Per 1 januari 2013 is de Algemene wet bestuursrecht (Awb) gewijzigd. De belangrijkste wijziging is dat in de Awb het zogenaamde relativiteitsvereiste is opgenomen. Het relativiteitsvereiste houdt in dat een bestuursrechter een aangevochten besluit (vergunning/ bestemmingsplan) niet vernietigt als door een belanghebbende een beroep wordt gedaan op een rechtsregel of een algemeen beginsel dat niet is bedoeld om zijn belangen te beschermen. Er moet een verband bestaan tussen het beroep en de daadwerkelijke reden om een besluit aan te vechten. Dat heeft tot gevolg dat besluiten alleen nog met succes aangevochten kunnen worden op gronden die zijn geschreven om het belang van de belanghebbende te beschermen. Daarmee worden de mogelijkheden om besluiten aan te vechten beperkt.
Het relativiteitsvereiste is niet nieuw in het bestuursprocesrecht. Het relativiteitsvereiste had reeds een plaats in de Crisis- en Herstelwet (CHW). Het relativiteitsvereiste zoals opgenomen in de CHW gold echter niet voor alle besluiten maar slechts voor die besluiten waarop de CHW van toepassing was. Met de wijziging van de Awb is het relativiteitsvereiste voor alle besluiten gaan gelden. Voor de werking van het relativiteitsvereiste in de Awb geldt wel een overgangsregeling. Het relativiteitsvereiste geldt niet voor besluiten die vóór 1 januari 2013 zijn bekendgemaakt.

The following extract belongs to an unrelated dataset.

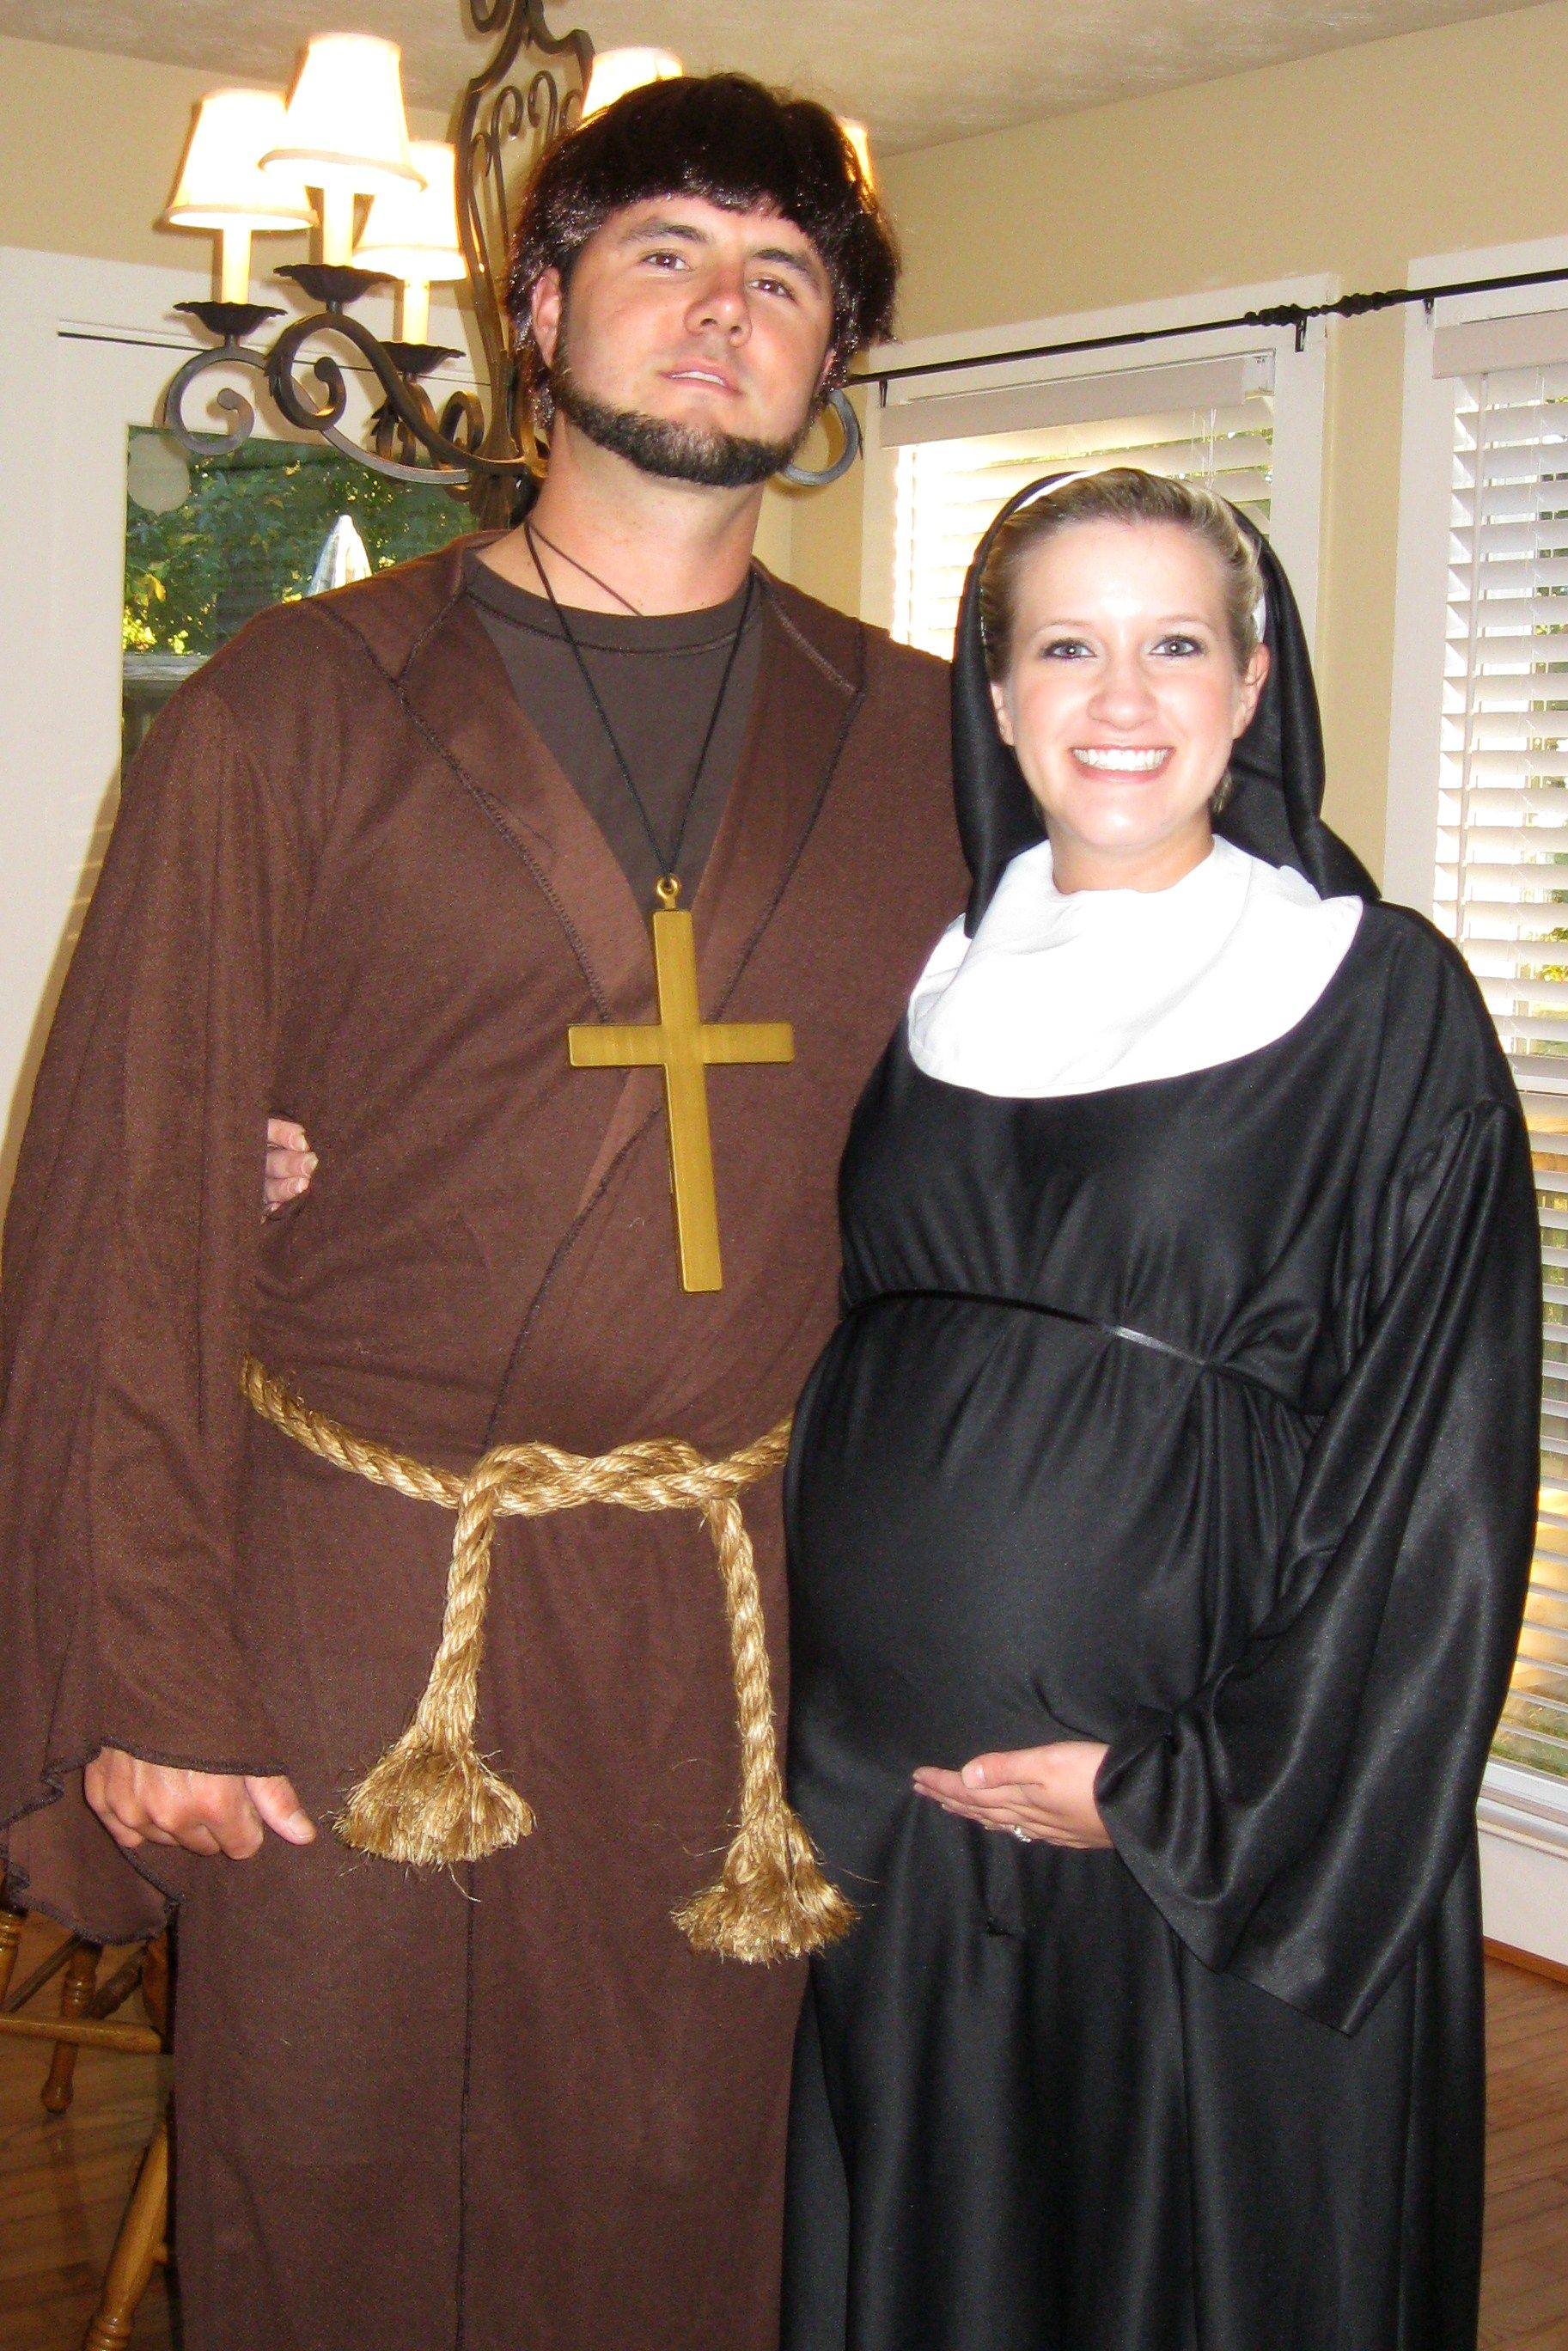 Pregnant Nunand Monk Halloween Costumes Pinterest Pregnant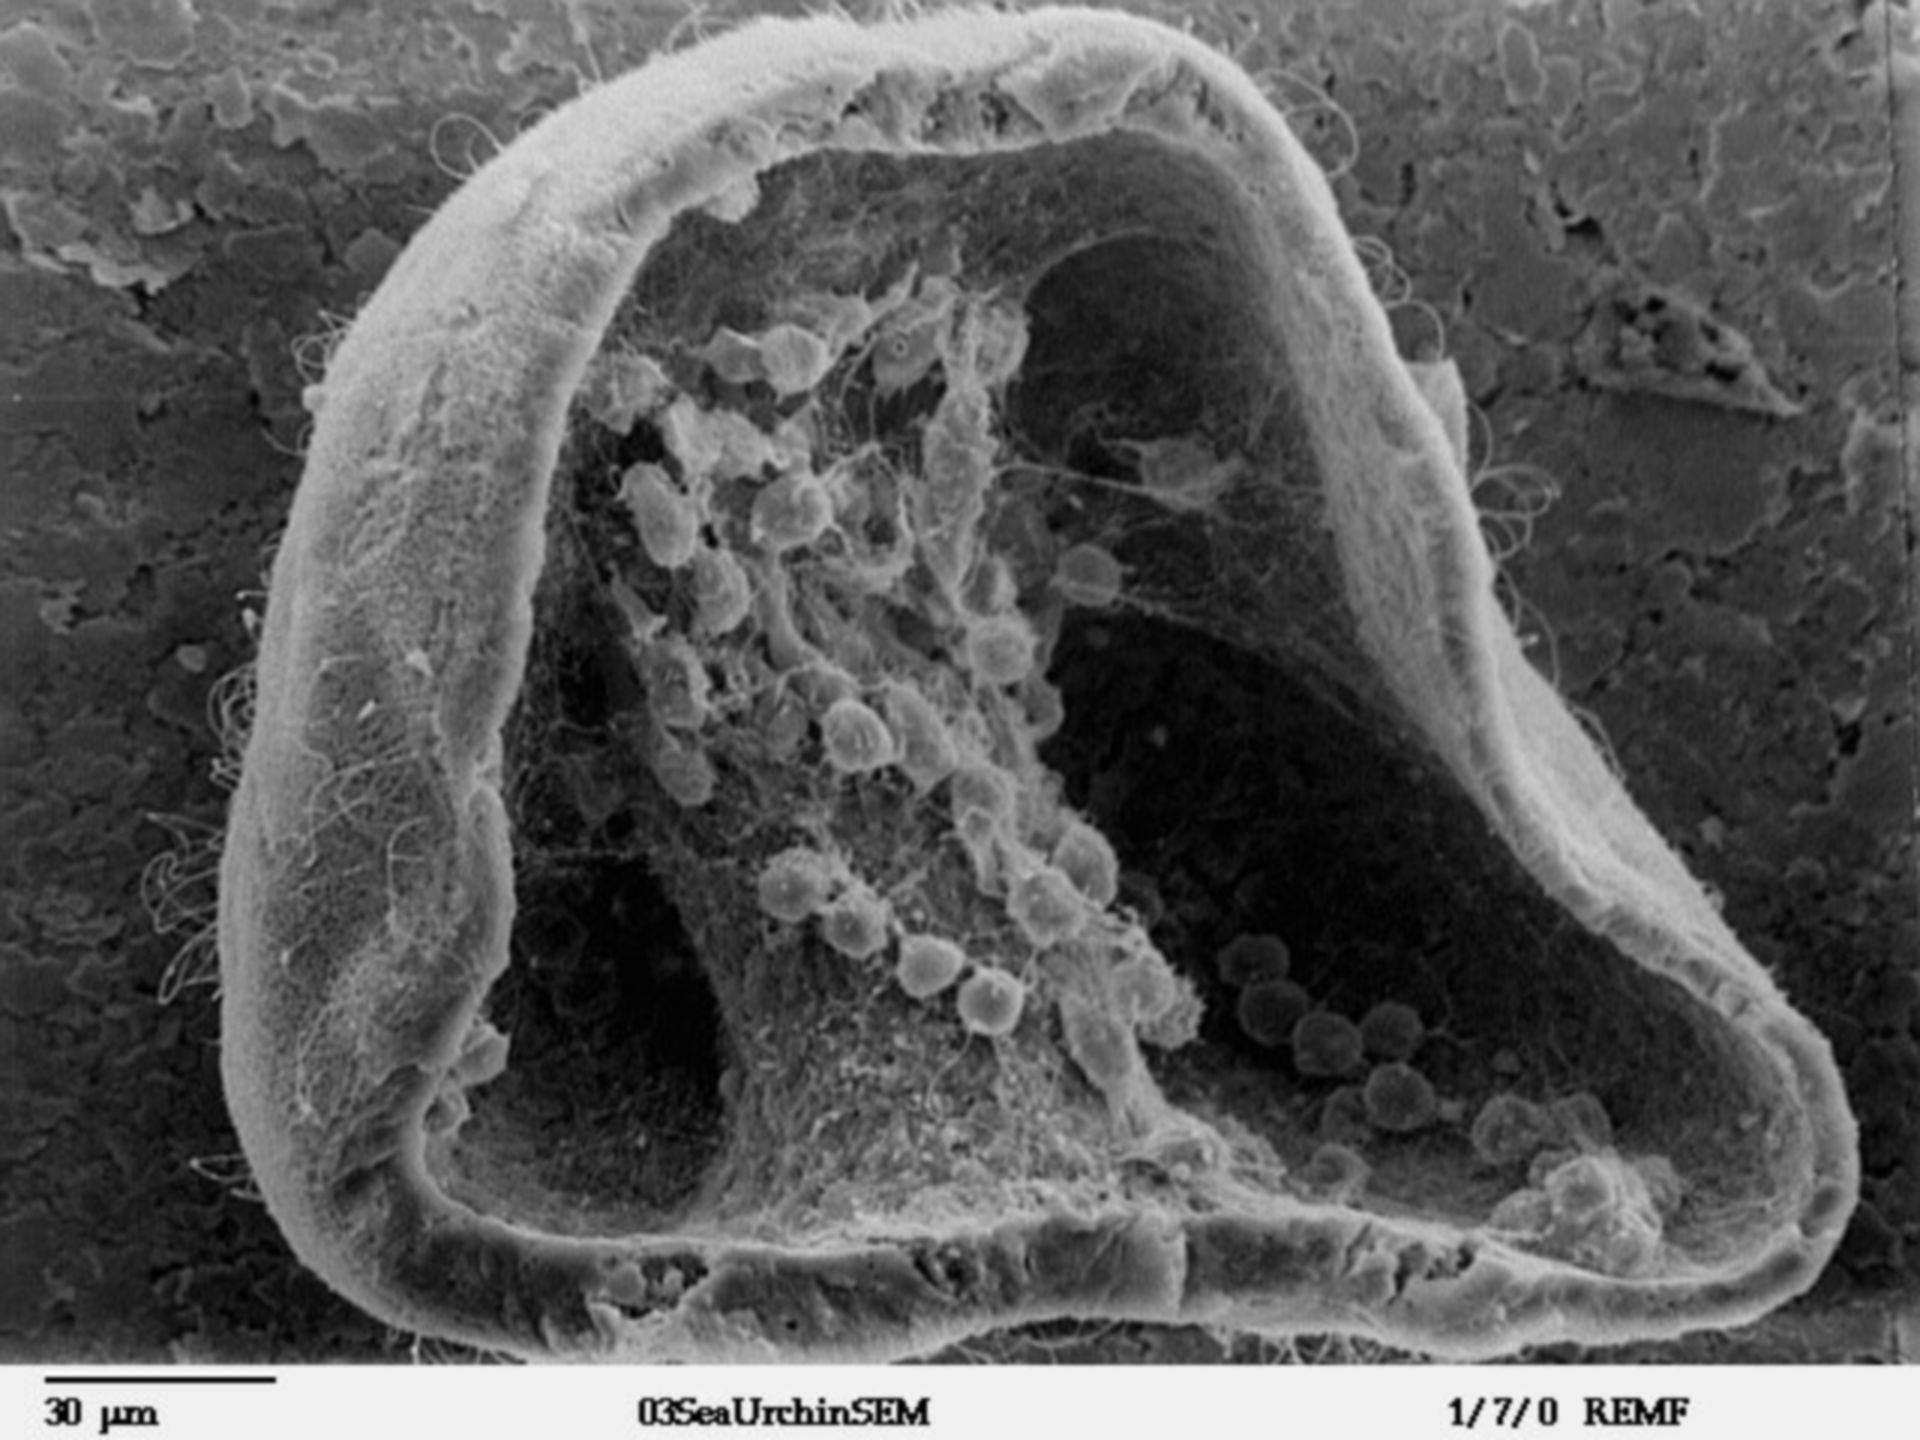 Lytechinus pictus (Extracellular matrix) - CIL:39784

In het kader van de CHW heeft de Afdeling Bestuursrecht van de Raad van State al in een aantal situaties uitspraken gedaan over het relativiteitsvereiste. Zo was de Raad van State van mening dat geluidsnormen die gelden voor nieuwbouw niet zijn geschreven om de belangen van omwonenden te beschermen. Deze normen zijn bedoeld om het leefklimaat in de nieuwbouw zelf te beschermen. Om die reden konden omwonenden geen beroep doen op de geldende geluidsnormen. Ook was de Raad van State van mening dat omwonenden geen beroep konden doen op de afstandsnormen in de VNG-brochure omdat het belang van deze omwonenden was gelegen in de bescherming van het vrije uitzicht. De afstandsnormen in de VNG-brochure zijn volgens de Raad van State niet geschreven om het belang van dit vrije uitzicht te beschermen.